§ **DATA SUPPLIED**:
▼
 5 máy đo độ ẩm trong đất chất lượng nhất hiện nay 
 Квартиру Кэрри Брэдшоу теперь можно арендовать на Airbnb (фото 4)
▲
▼
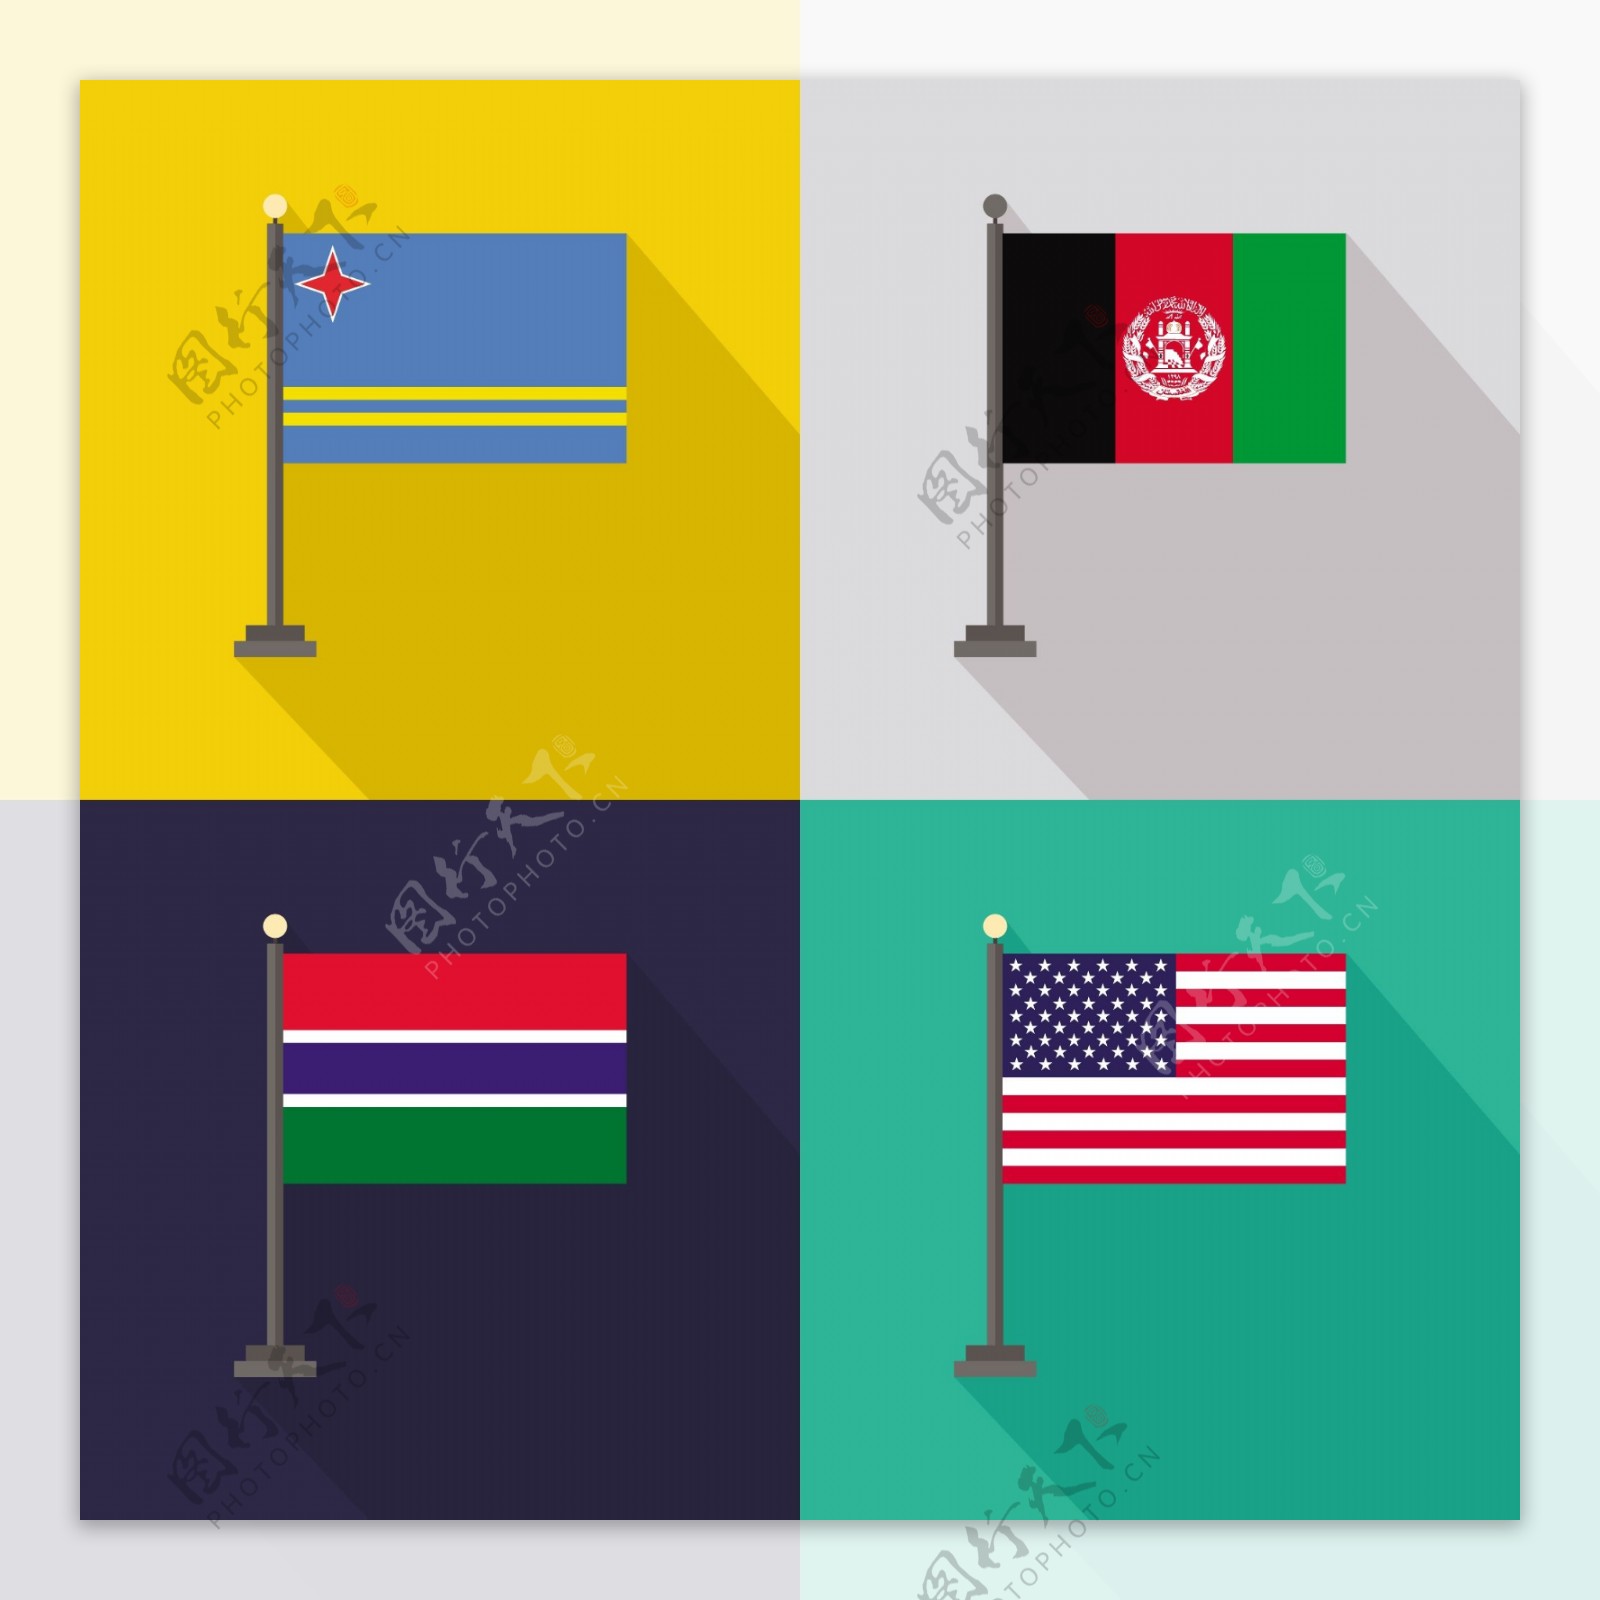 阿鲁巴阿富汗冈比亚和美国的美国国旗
▲
▼
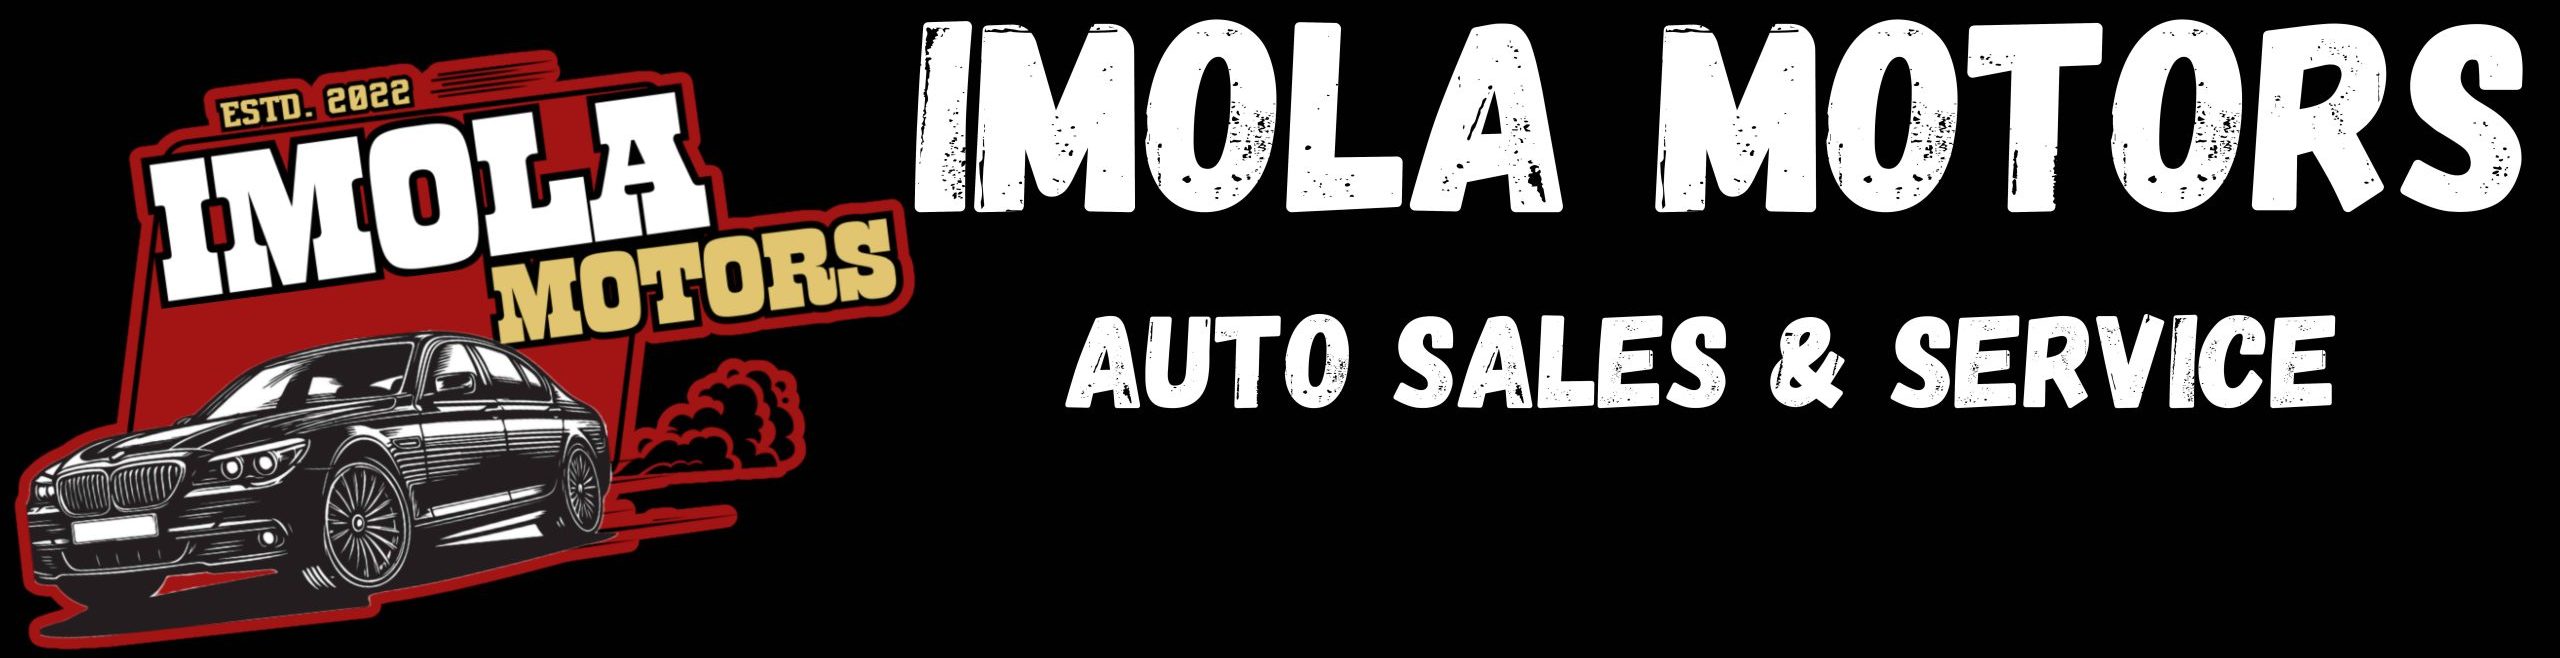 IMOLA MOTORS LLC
▲
§ **THE TASK**: Could you return exactly the stretch of the data above that starts at the line with "5 máy đo độ" and ends at the line with "Квартиру Кэрри Брэдшоу", both lines included?

§ **REPLY**:
 5 máy đo độ ẩm trong đất chất lượng nhất hiện nay 
 Квартиру Кэрри Брэдшоу теперь можно арендовать на Airbnb (фото 4)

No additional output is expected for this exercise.